Со Вздвиженья – кафтан с шубой сдвинулся – зачастил Василько через день да каждый день, поёт, материал пошёл трудный, одному ума не дать.
И не поймёт старуха, то ли студент Василько, то ли уха-живатель, то ли то и то разом, только видит, переломила гордая Маричка своё серденько к парубку, полюбила тоже – до смерточки нравится он ей, у души лежит.
Глянулся и старой Василько, уважительный, видный с лица – из десятку не выбросишь! – вышла старуха из Ивановой воли, наладилась покидать молодых. Совестно на них тишком таращиться поверх спиц, как журавль в кувшин, не рука мимо воли своей лезть в чужую лавочку.
И стала ловить причины выскочить из хаты в вечер: услышит, проходит кто-то мимо, увеется, с час её нет – короче все новости не обговоришь; подал голос пёс, спешит утихомирить пса да заодно подразведать, кто ж это там не внушил ему симпатию.
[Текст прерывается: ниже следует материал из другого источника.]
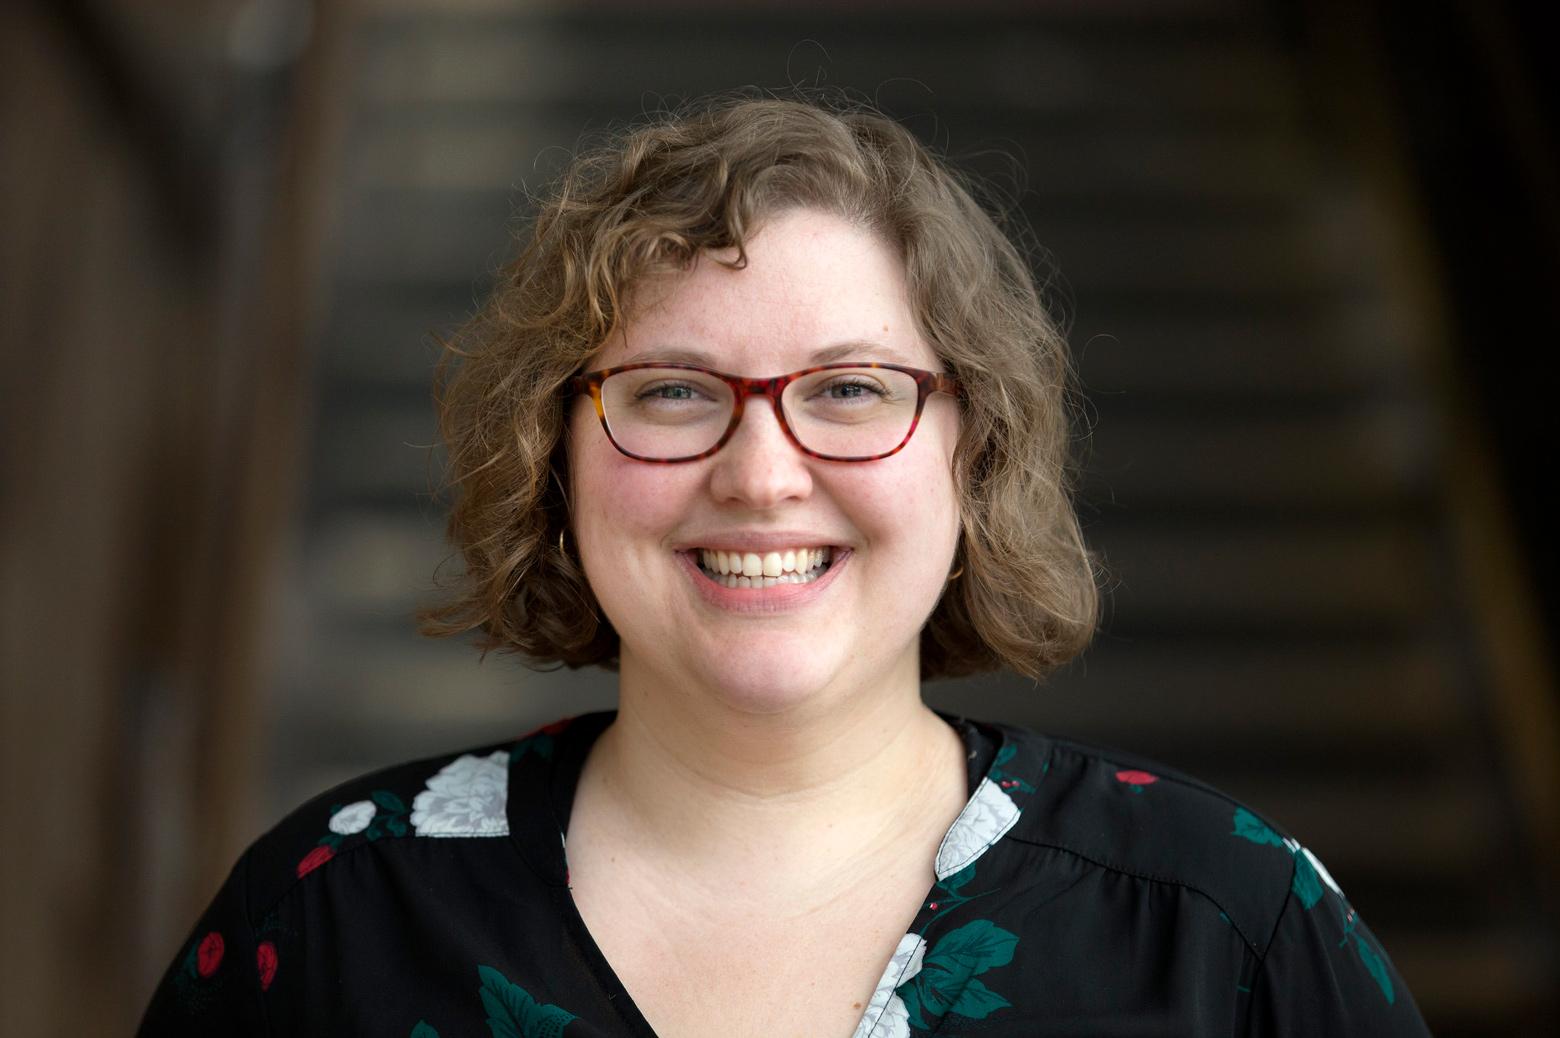 Ruthie Freeman, professional development program manager in Resource Planning and Management at Michigan Engineering. Photo: Somya Bhagwagar/Michigan Engineering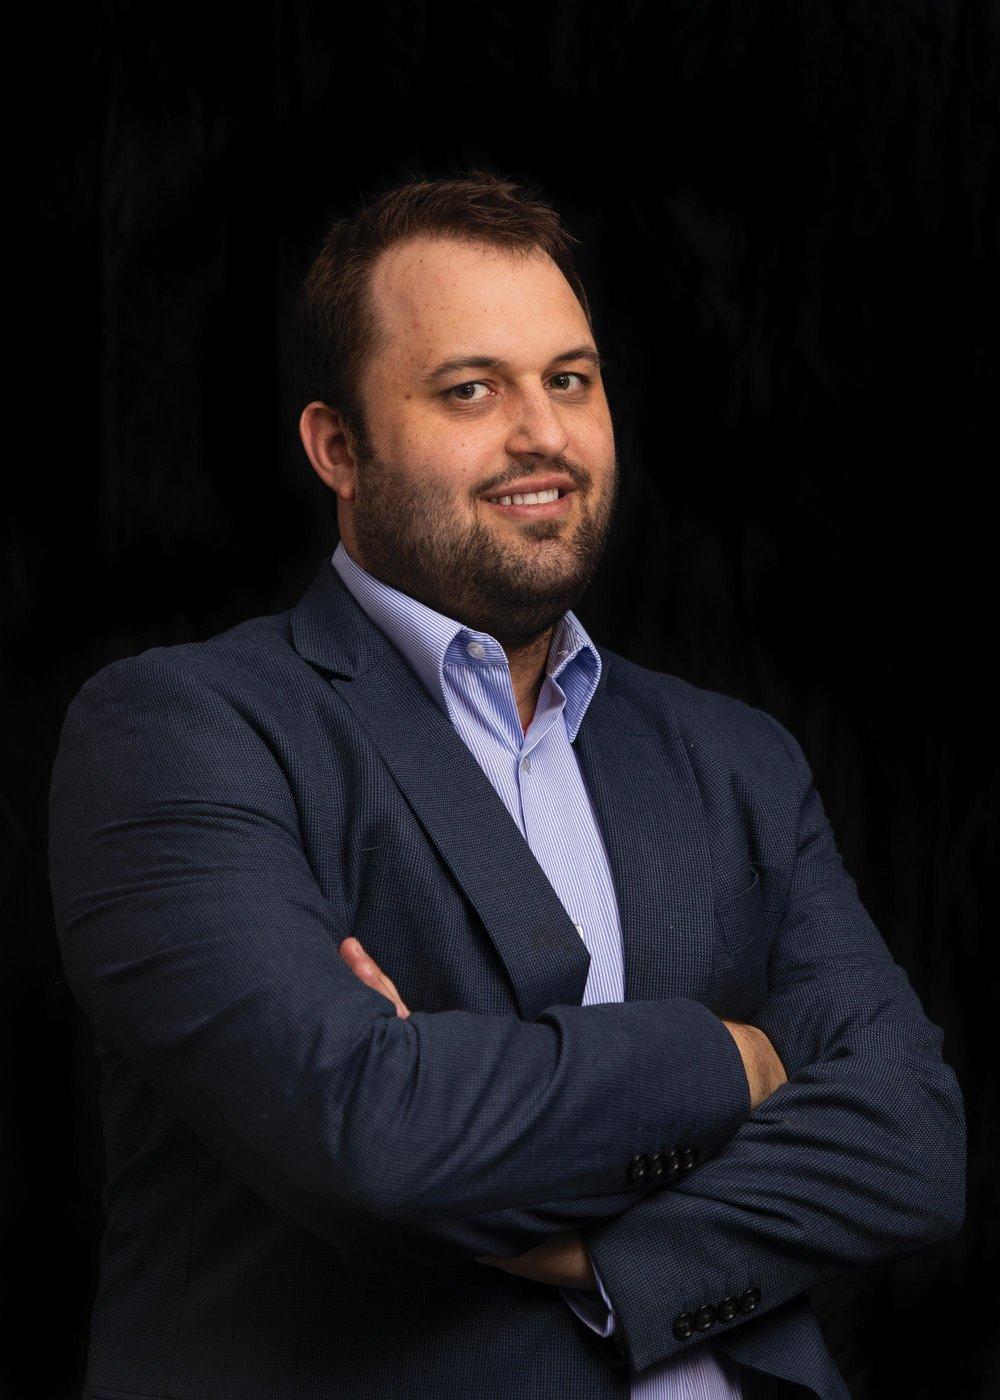 Nik Nelson - Executive Producer

– Василько, ты как повезёшь мамку на станцию, так подверни ко мне на минутушку.
Пообещал Василько.
Можно было не беспокоиться, слово у парубка верное. Ан нет. Нету веры самой себе, до звона в ушах вслушивается в тишину дороги; сначала отдалённо, глухо, потом всё ясней, нарастающе вьётся в душу монотонный пчелиный стон именно Василькова автобуса. Старуха не спутает его ни с каким другим.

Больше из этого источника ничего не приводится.